▶ **Data shown**
——————————

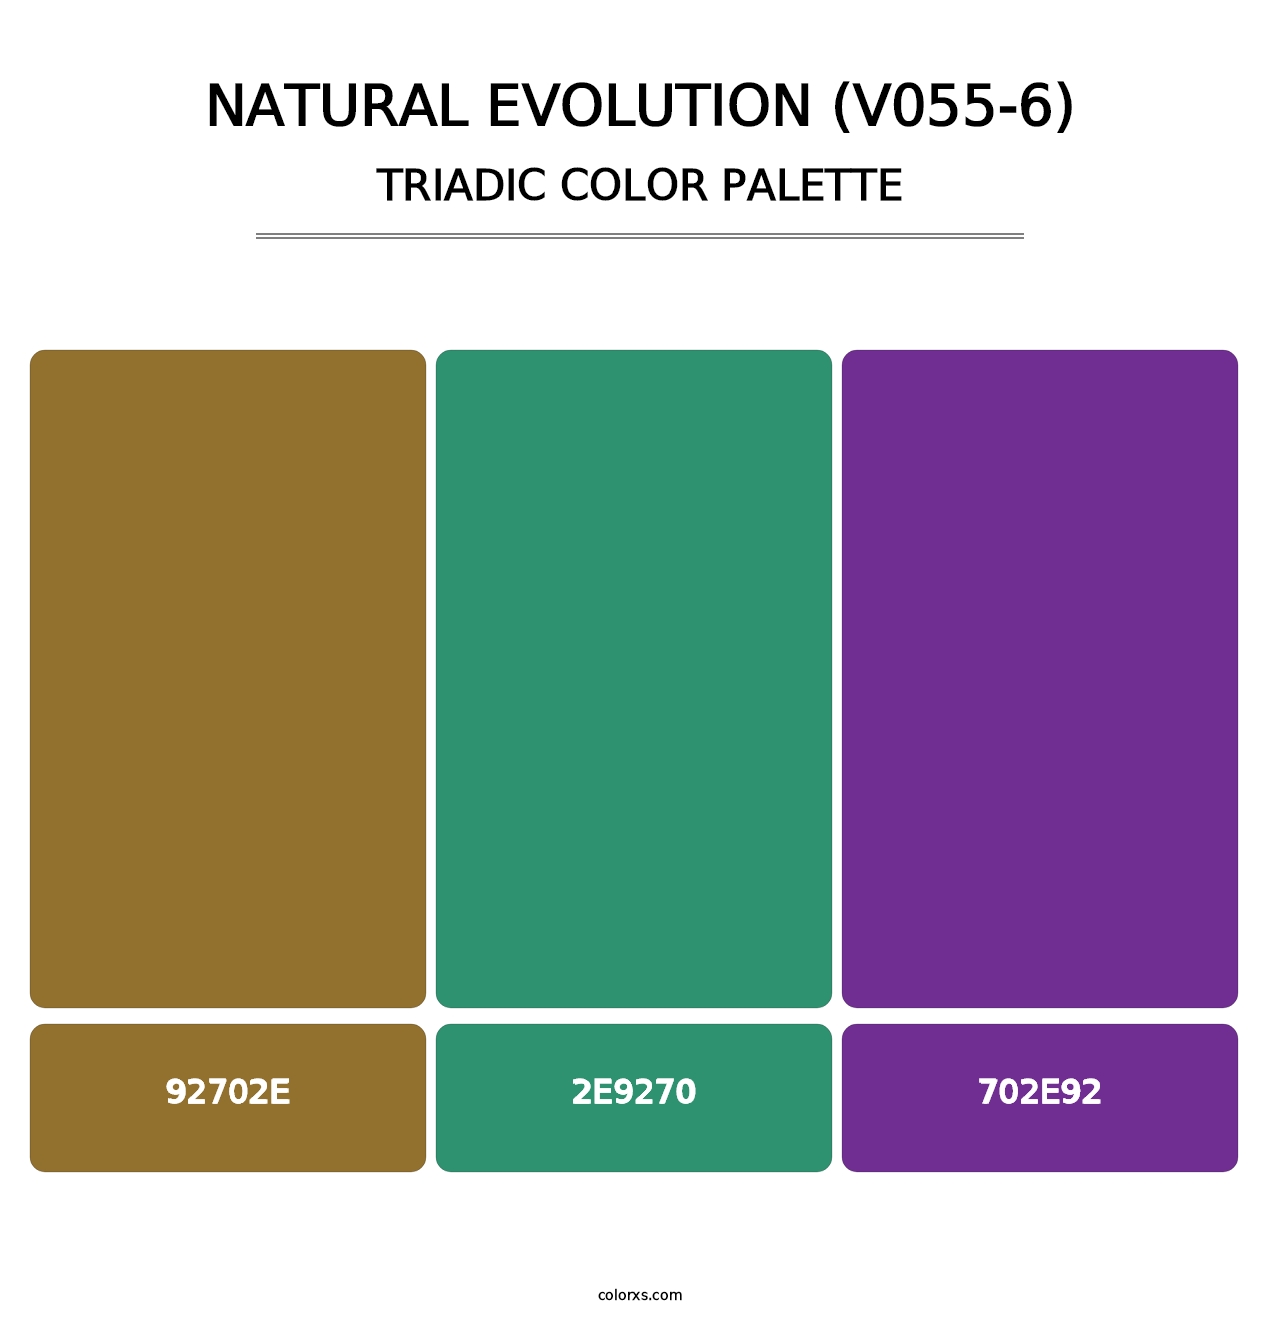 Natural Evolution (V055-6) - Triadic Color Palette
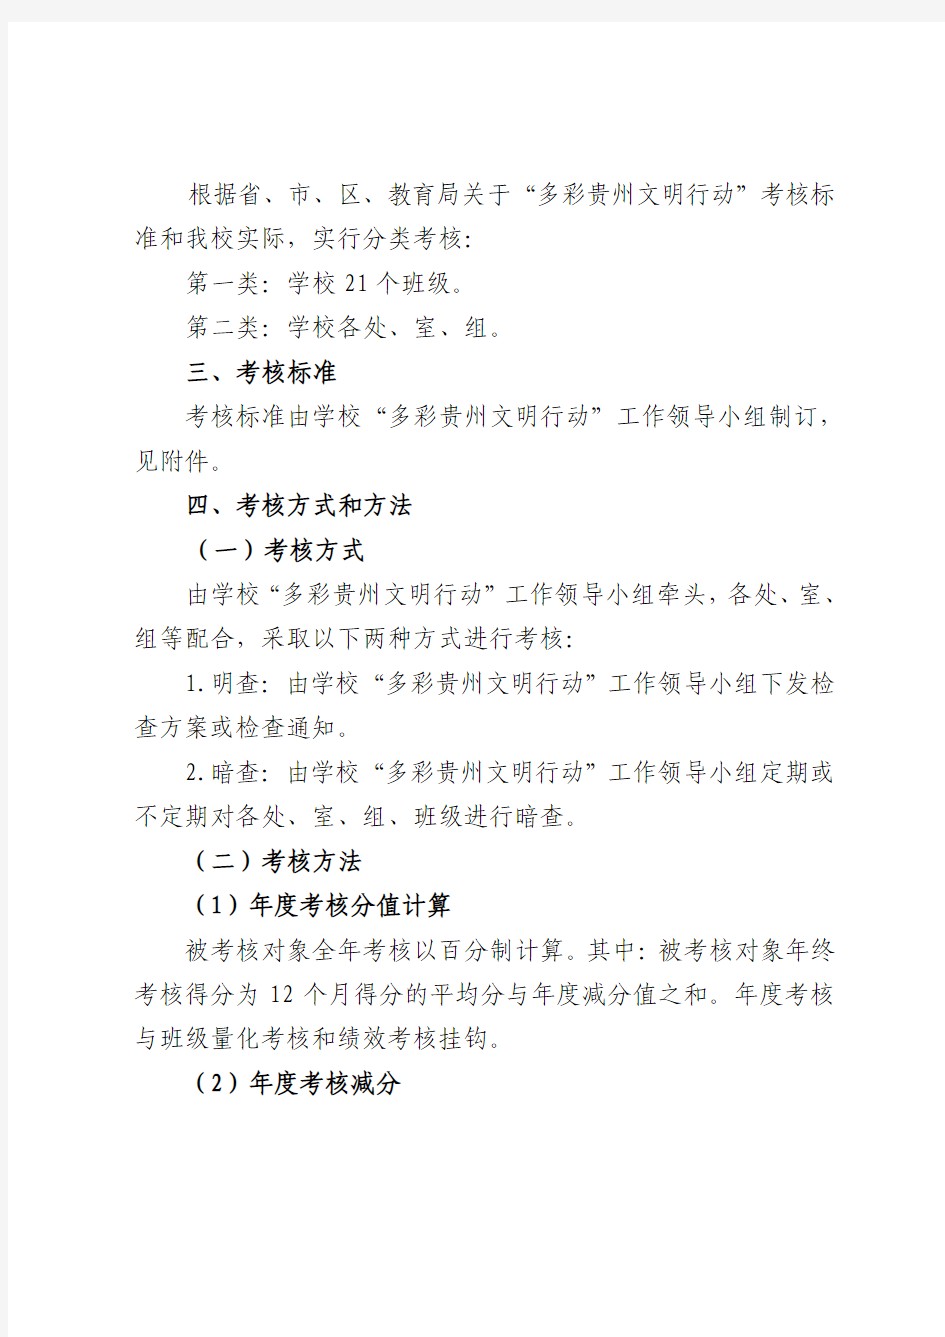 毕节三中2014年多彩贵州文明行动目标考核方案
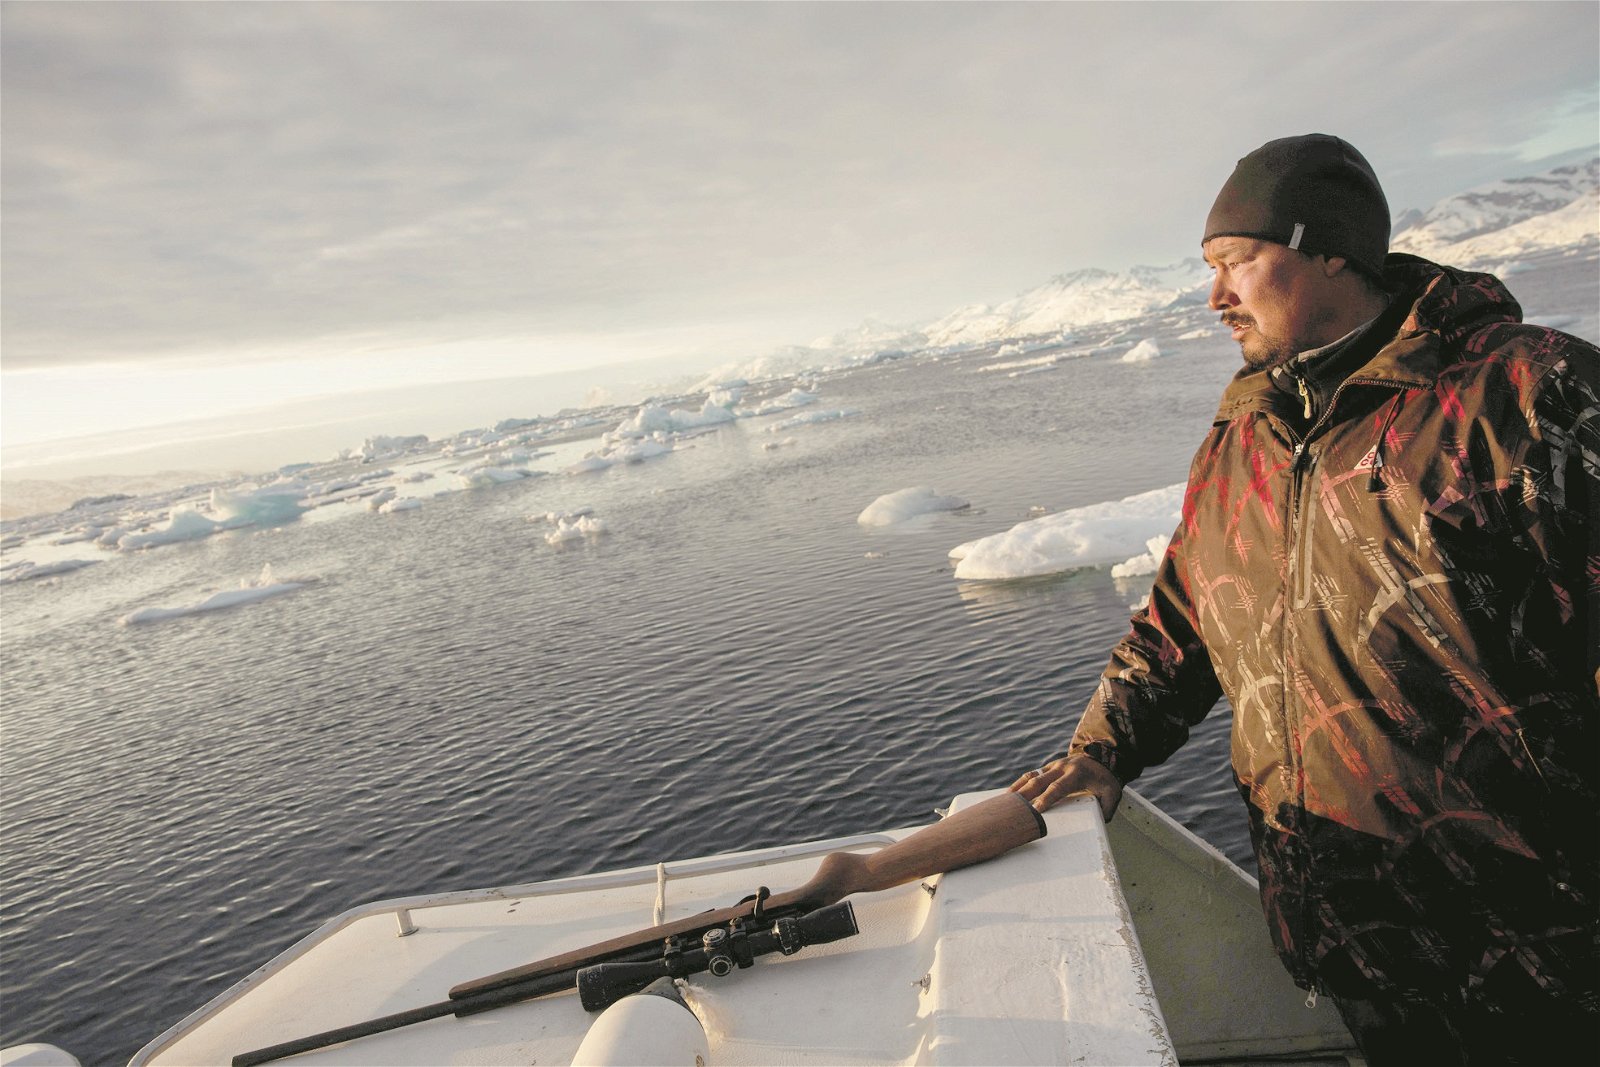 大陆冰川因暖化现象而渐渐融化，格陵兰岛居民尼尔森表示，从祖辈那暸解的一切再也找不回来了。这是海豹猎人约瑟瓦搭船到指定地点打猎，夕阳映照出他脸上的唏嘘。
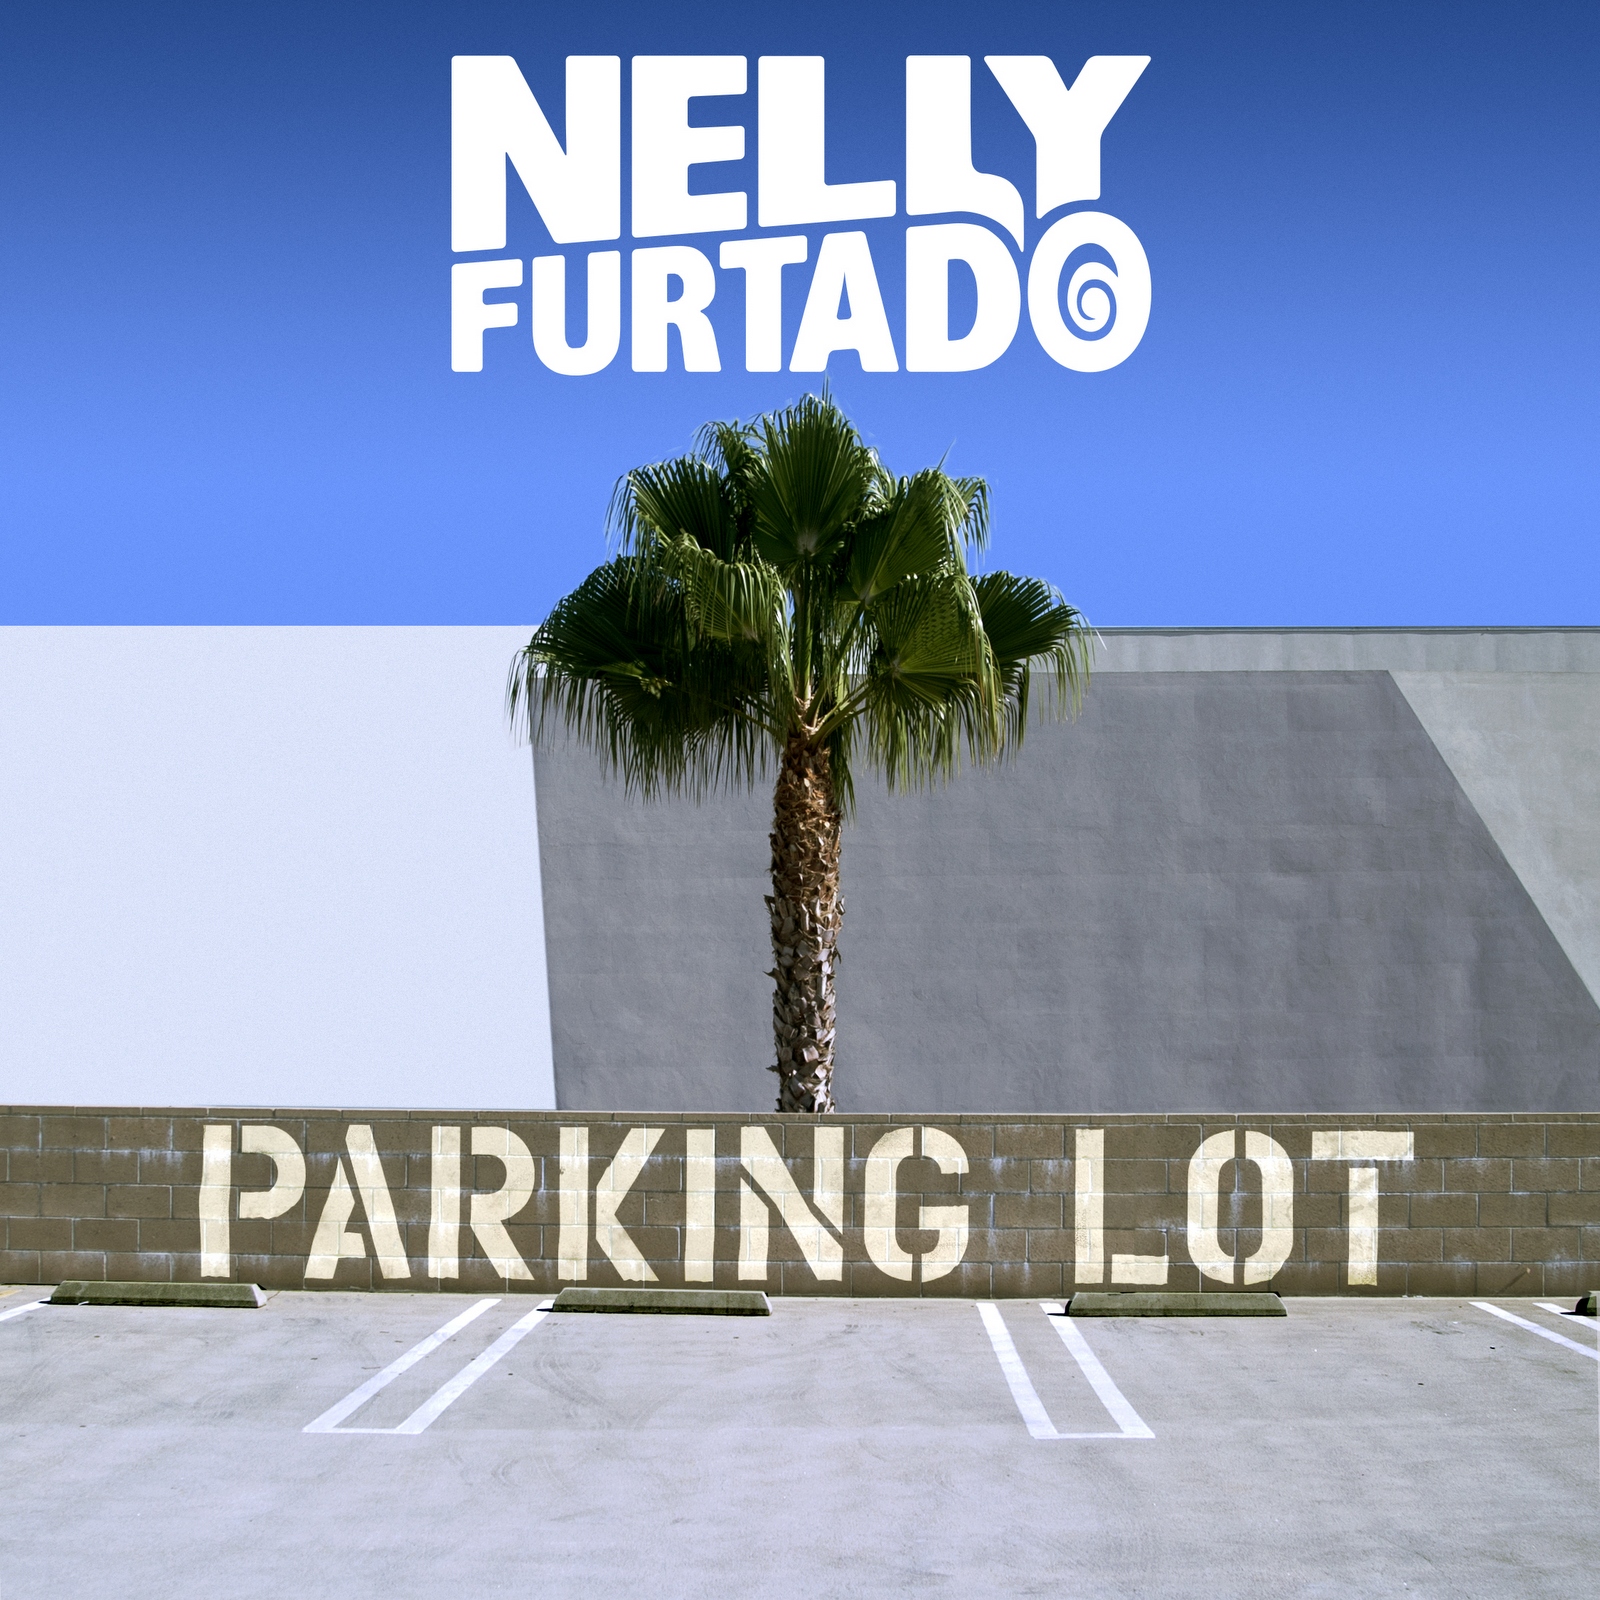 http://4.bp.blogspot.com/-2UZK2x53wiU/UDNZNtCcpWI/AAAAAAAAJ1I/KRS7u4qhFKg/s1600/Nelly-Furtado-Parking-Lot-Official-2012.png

——————————

▶ **Exercise goal**
Every line of the material must be returned verbatim, and pictures must be left behind.

▶ **Finished task**
 Natural Evolution (V055-6) - Triadic Color Palette
 毕节三中2014年多彩贵州文明行动目标考核方案
 大陆冰川因暖化现象而渐渐融化，格陵兰岛居民尼尔森表示，从祖辈那暸解的一切再也找不回来了。这是海豹猎人约瑟瓦搭船到指定地点打猎，夕阳映照出他脸上的唏嘘。
 http://4.bp.blogspot.com/-2UZK2x53wiU/UDNZNtCcpWI/AAAAAAAAJ1I/KRS7u4qhFKg/s1600/Nelly-Furtado-Parking-Lot-Official-2012.png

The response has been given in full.